═══ MATERIALS PROVIDED
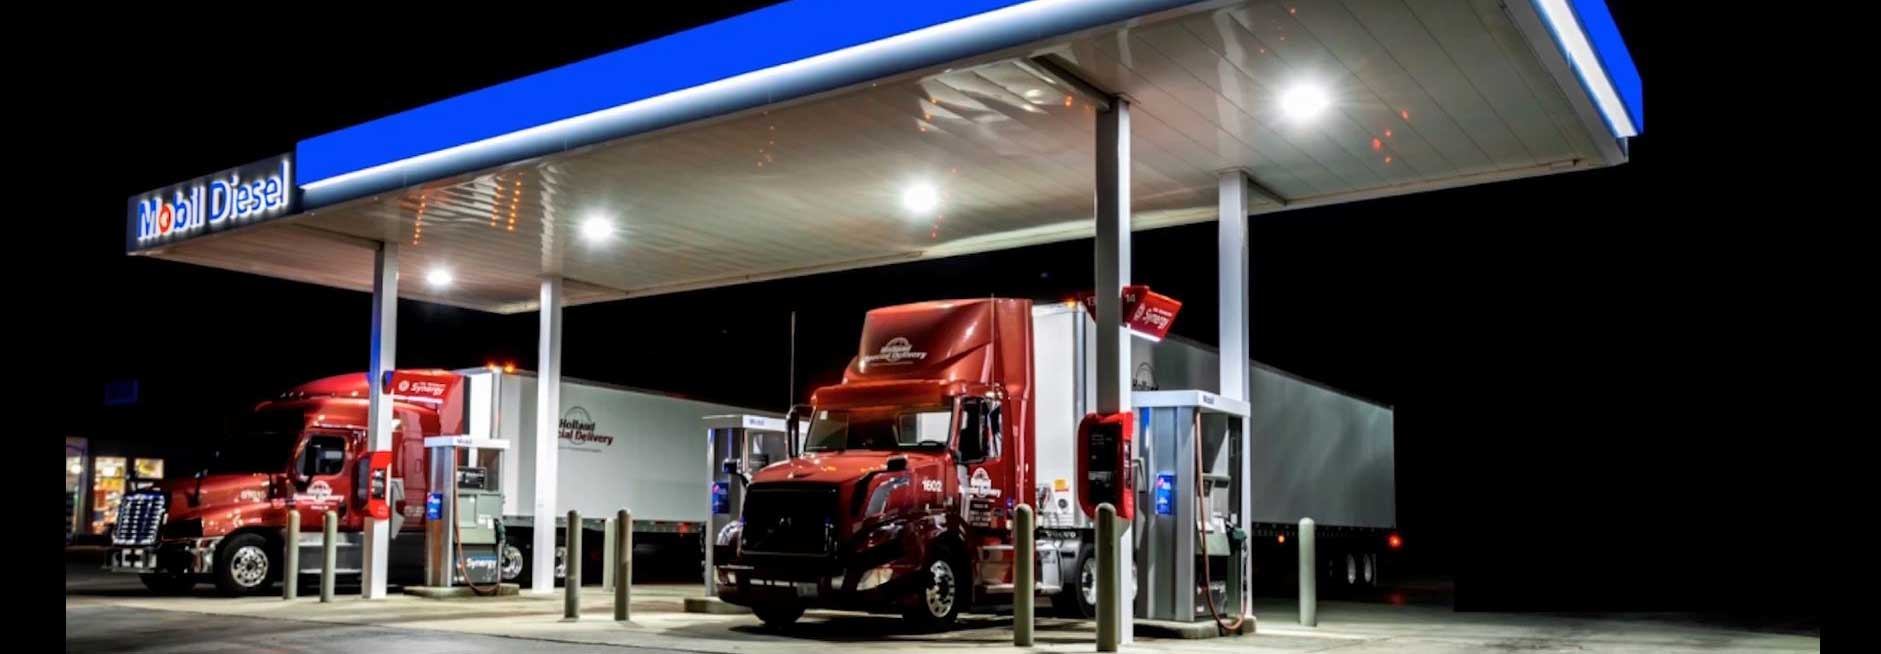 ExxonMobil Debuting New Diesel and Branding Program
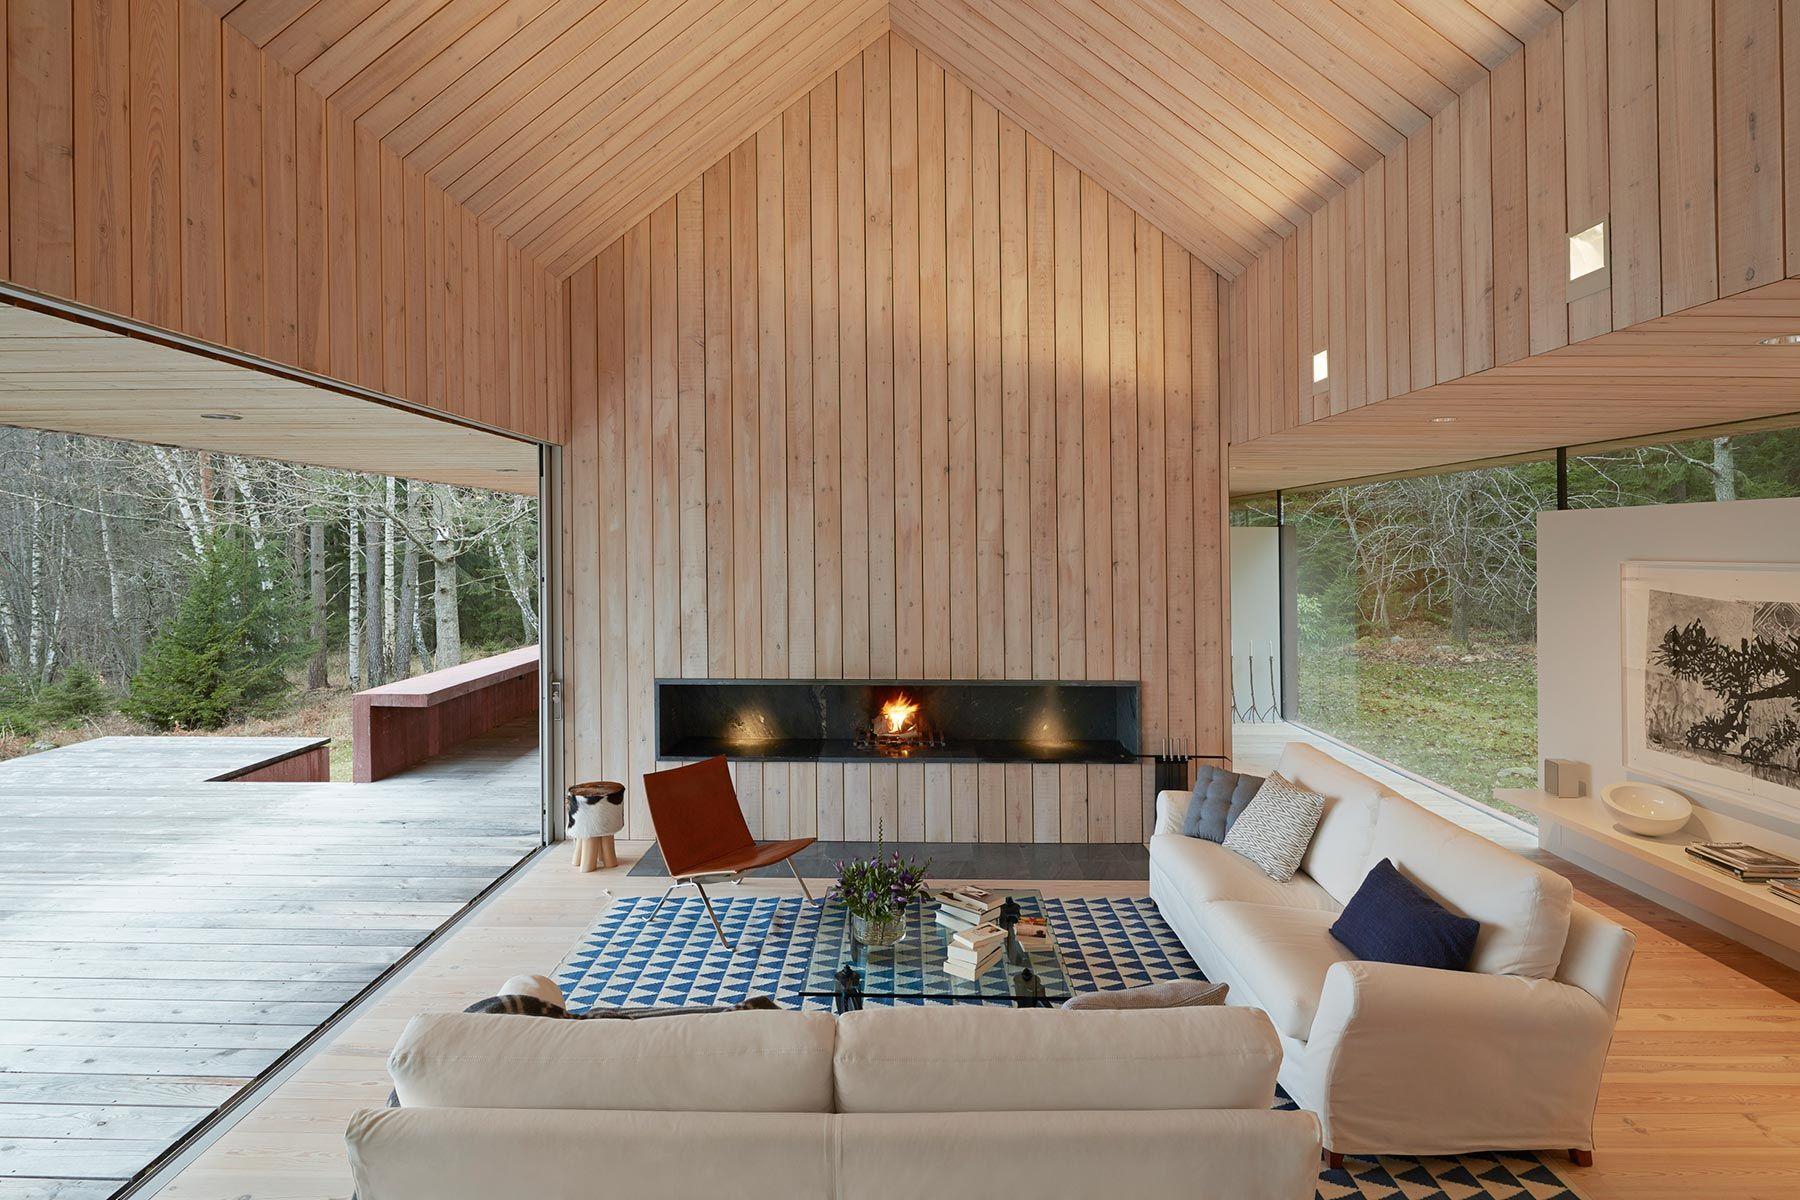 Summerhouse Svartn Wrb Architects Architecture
══════
═══ MATERIALS PROVIDED
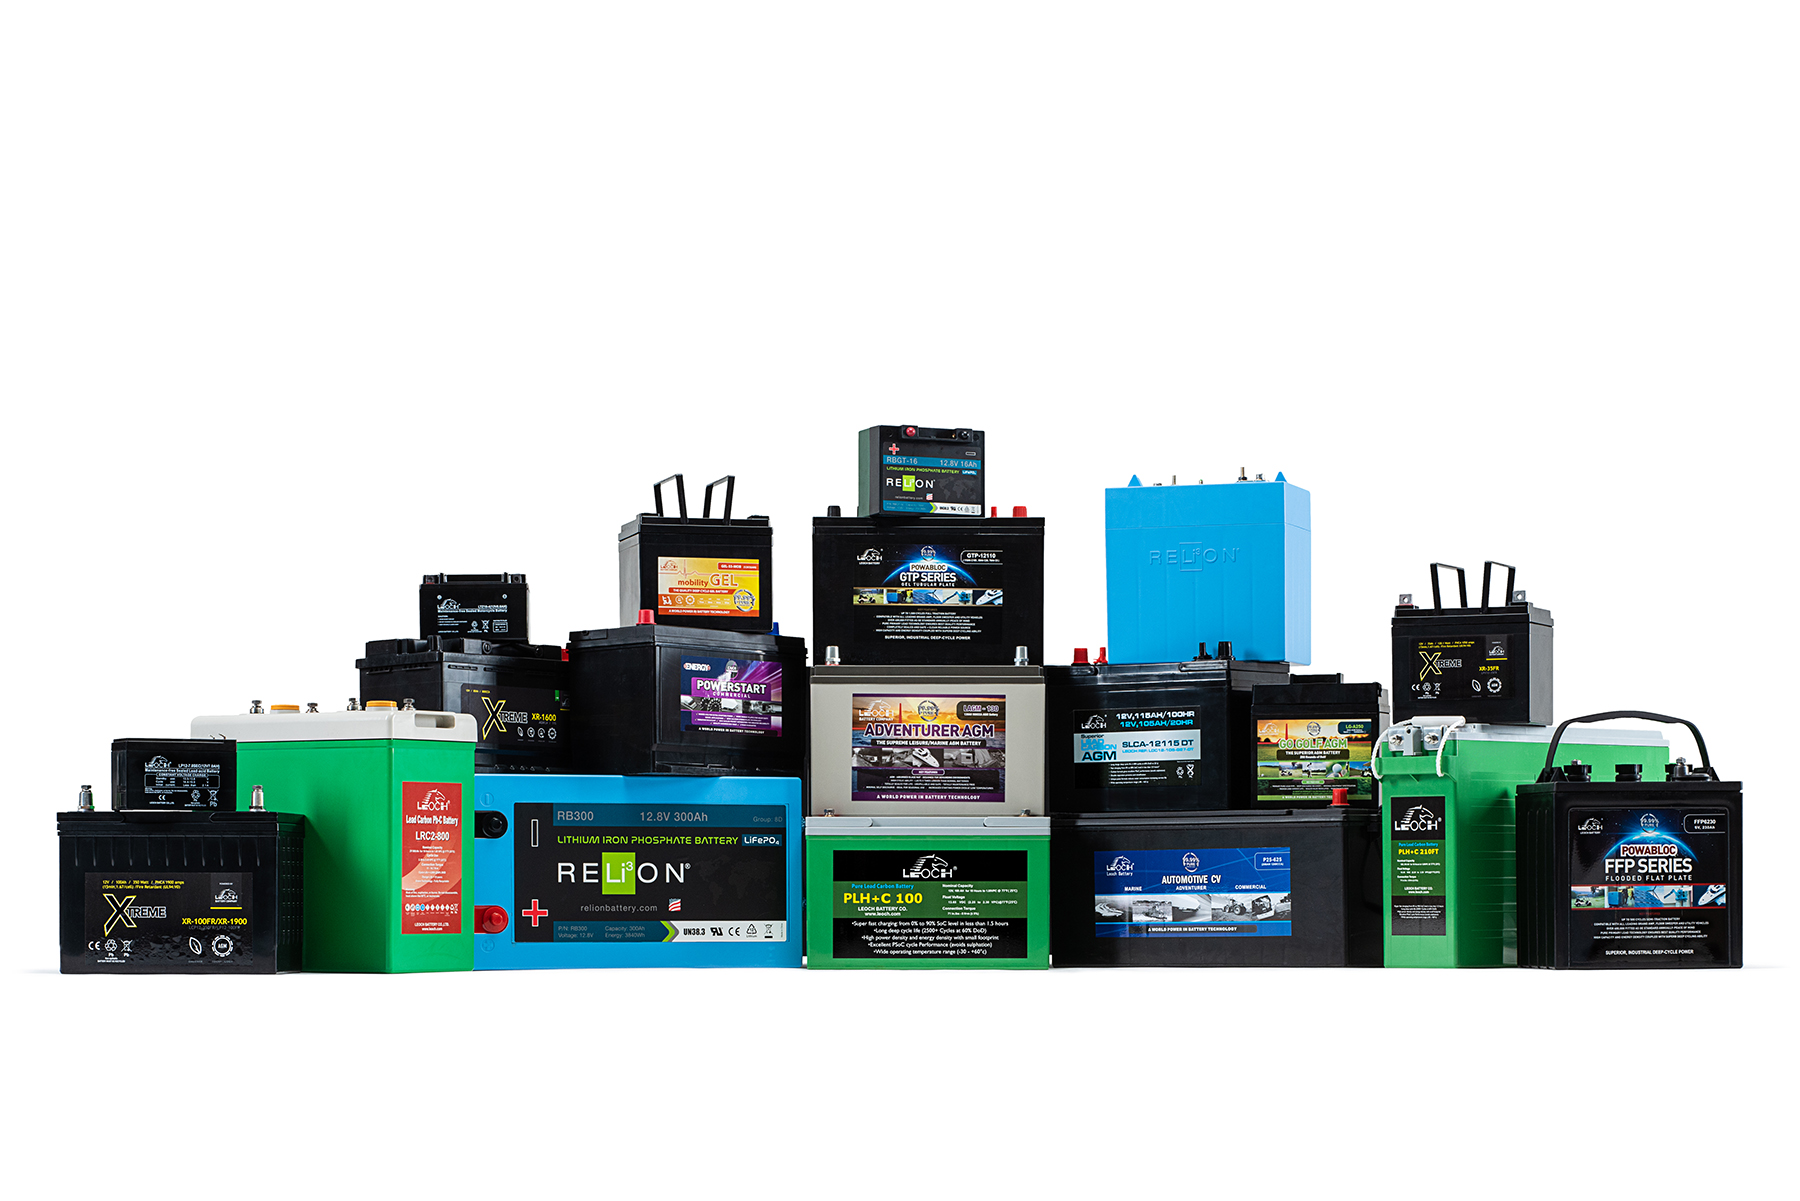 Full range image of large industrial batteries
══════
═══ MATERIALS PROVIDED
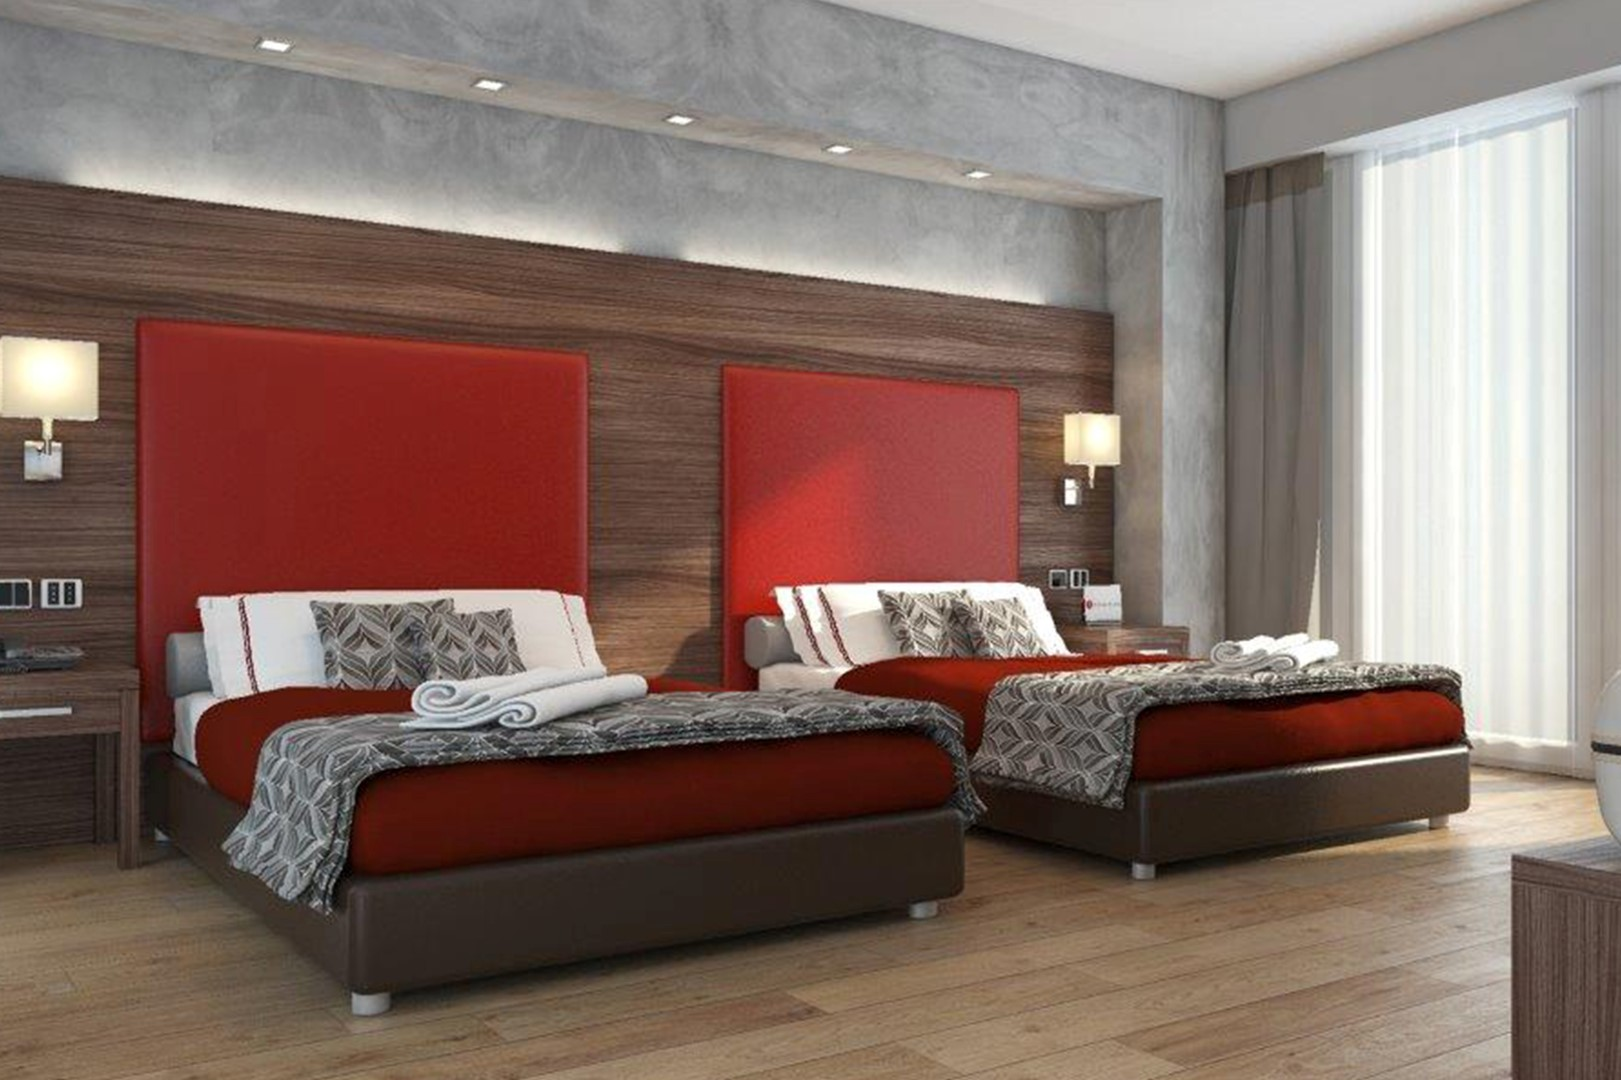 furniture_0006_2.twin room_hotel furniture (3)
══════
◆ **YOUR INSTRUCTIONS**: In the listing above, find the line holding "ExxonMobil Debuting New" and the line holding "Summerhouse Svartn Wrb". Reproduce those two lines and all between them exactly, leaving out pictures.

◆ **TASK OUTPUT**:
 ExxonMobil Debuting New Diesel and Branding Program
 Summerhouse Svartn Wrb Architects Architecture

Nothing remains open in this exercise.